Но ученые предполагают, что в морях Титана могут обитать существа, в метаболизме которых участвует не вода, а все тот же метан.
Вот бы проверить. Биолог во мне так и рвется на спутник Сатурна, чтобы точно узнать, уникальна ли земная Жизнь…
Жаль, что в 2013-м NASA законсервировало проект Titan Mare Explorer, в ходе которого предполагалось доставить к Титану и на аэростате опустить на море Кракена небольшой дисковидный исследовательский зонд, который занялся бы поисками Жизни. И это было бы первое плавание земного аппарата в инопланетном море. Увы, от проекта отказались в пользу другой миссии, марсианской, – inSight (да-да, той самой, благодаря которой мы услышали свист марсианского ветра). Проклятый вопрос финансирования, от которого и у NASA болит голова.
…В Баку идет дождь. Привычный, из воды. Смотрю в окно. На перекрестке топчется дорожный полицейский, в своей желтой непромокаемой накидке похожий на громадного цыпленка. Блестит мокрая автострада. Блестят мокрые машины. Блестят зонты над головами прохожих.
Дождь.
Дождь тут, и дождь там.
И я вижу их оба.
…Осенью 2012 года корреспондентка одной из азербайджанских газет брала у меня интервью. Настроен я тогда был столь игриво, что вздумал пошутить.
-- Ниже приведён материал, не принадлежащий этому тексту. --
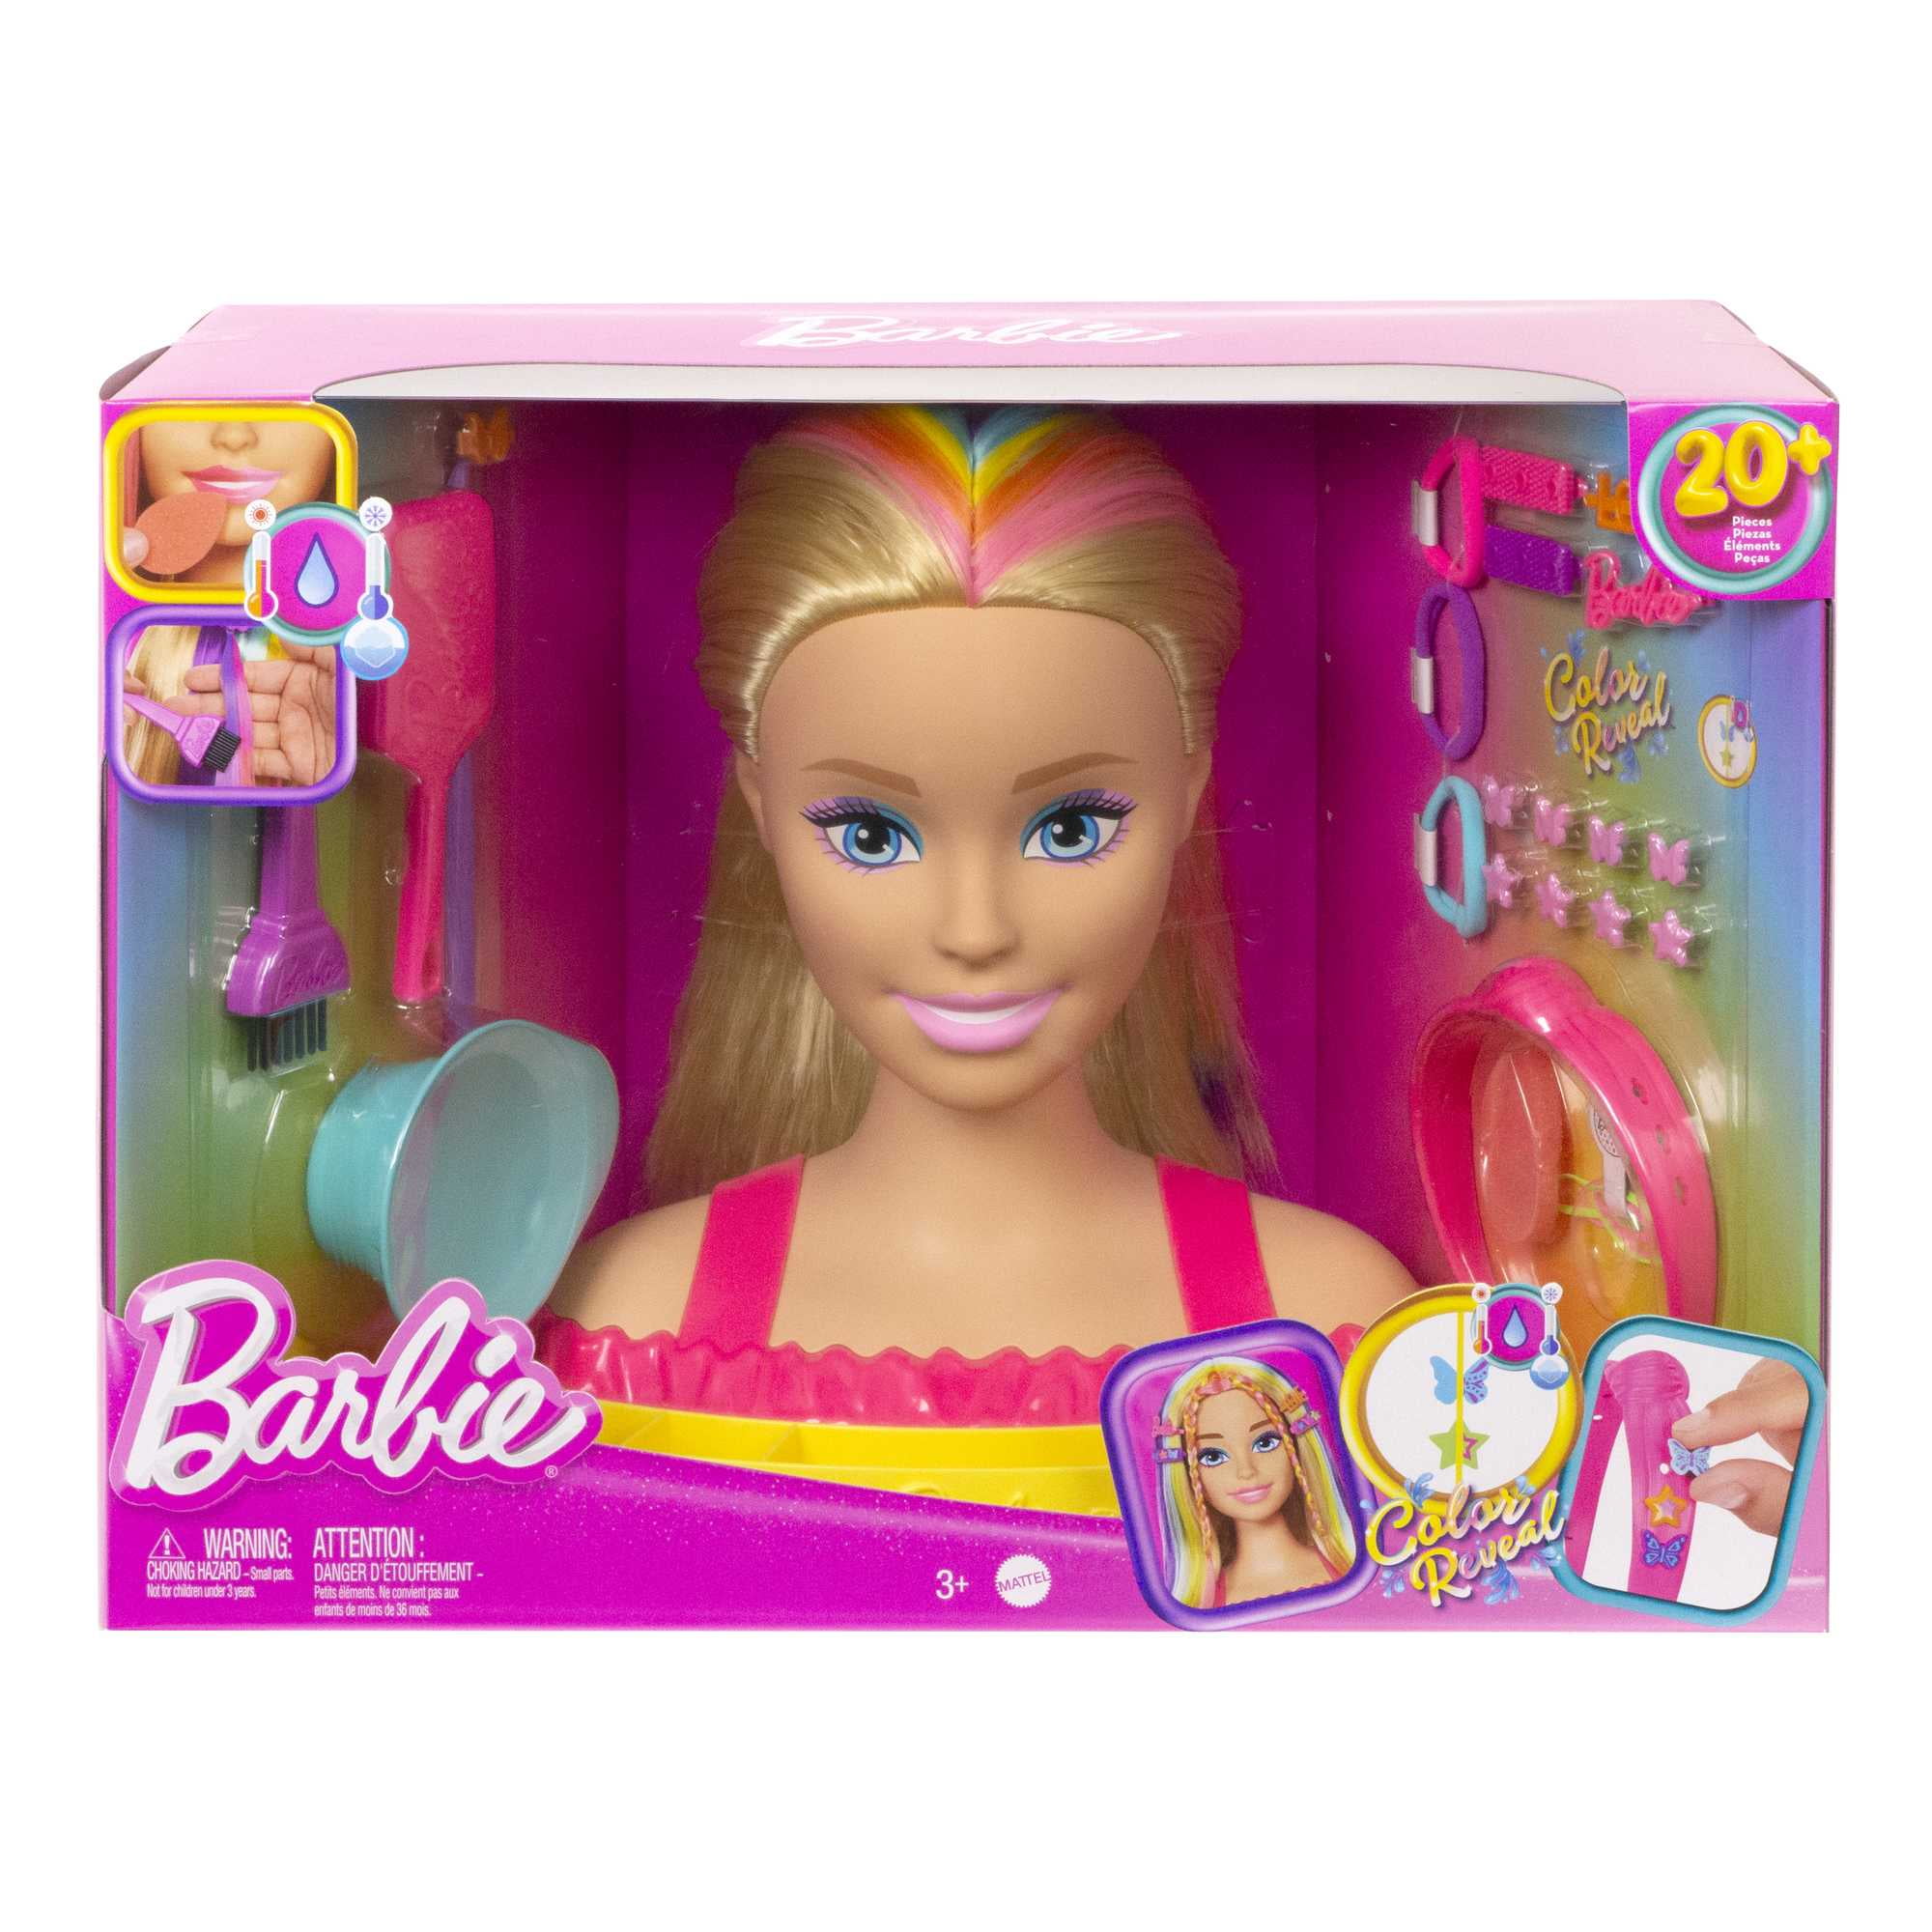 Barbie Rainbow Sparkle Deluxe Styling Head, Black Hair, Kids Toys for Ages 3 Up, Gifts and Presents, Size: 15.5 inches; 6.88 inches; 12.75 Inches

Напустив на себя всю серьезность, дарованную мне Богом, я признался, что на самом деле я не землянин, а разумное существо с Титана, заключенное в человеческую оболочку, своеобразный биоскафандр. И что на самом деле я – двуполая восьмиглазая гусеница длиной в полтора метра, с мощными клешнями, и в жилах моих циркулирует раствор метана, и без человеческой оболочки я мгновенно вскипел бы… На Землю меня занесло случайно, сказал я, и с тех пор мне приходится жить человеческой жизнью. Я привык, но мне очень-очень хочется вернуться на родной Титан, на милые всем трем моим сердцам ледяные нагорья… Я был настолько убедителен, что девушка мне поверила; не удивляйтесь, такое случается; в свое время сама Алла Пугачева восприняла всерьез утверждение музыканта Курехина о том, что Ленин был не человеком, а грибом… Правда, моя корреспондентка быстро опомнилась и расхохоталась. И с тех пор при встрече всегда называет меня «титанцем».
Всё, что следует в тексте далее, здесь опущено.